→ Work required: Find how many lines in the listing below include the word "with". Give that number only.

→ Data for processing:
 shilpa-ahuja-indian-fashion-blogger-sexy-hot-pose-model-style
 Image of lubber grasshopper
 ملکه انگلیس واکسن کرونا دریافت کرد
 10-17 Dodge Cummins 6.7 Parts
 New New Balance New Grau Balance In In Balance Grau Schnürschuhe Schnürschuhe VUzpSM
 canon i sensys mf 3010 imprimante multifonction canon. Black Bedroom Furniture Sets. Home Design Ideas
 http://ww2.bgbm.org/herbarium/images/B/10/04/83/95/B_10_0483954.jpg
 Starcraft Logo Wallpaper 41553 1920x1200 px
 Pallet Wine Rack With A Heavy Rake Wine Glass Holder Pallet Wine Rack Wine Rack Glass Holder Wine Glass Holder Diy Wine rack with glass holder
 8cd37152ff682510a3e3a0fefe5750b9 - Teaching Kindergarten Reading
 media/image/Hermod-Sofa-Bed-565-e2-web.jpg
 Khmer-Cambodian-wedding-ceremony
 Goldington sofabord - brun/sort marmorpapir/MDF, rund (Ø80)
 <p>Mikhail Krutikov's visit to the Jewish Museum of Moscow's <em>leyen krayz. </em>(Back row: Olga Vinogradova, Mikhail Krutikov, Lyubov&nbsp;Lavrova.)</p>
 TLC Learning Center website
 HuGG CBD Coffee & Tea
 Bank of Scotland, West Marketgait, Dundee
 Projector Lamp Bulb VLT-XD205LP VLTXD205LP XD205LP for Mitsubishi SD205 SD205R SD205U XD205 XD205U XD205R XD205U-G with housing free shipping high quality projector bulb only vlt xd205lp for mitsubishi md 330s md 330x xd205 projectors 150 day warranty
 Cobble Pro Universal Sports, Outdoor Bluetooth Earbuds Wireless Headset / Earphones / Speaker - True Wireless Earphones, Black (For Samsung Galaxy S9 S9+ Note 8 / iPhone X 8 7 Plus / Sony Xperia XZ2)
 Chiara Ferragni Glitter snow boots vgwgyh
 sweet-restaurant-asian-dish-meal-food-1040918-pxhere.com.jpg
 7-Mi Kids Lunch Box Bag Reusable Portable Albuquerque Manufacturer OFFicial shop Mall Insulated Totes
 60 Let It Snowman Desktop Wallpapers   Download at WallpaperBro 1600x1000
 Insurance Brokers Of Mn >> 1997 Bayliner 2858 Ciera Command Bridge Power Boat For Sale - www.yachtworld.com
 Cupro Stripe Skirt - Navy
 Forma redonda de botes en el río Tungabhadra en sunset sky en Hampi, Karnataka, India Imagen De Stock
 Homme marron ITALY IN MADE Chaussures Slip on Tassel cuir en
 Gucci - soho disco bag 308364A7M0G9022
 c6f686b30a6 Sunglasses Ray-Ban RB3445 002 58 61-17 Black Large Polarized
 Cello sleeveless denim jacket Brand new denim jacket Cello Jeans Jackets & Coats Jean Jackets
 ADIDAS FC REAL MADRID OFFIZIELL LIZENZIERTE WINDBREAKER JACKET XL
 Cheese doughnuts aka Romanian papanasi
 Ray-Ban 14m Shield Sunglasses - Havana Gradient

→ Solution for this exercise: 2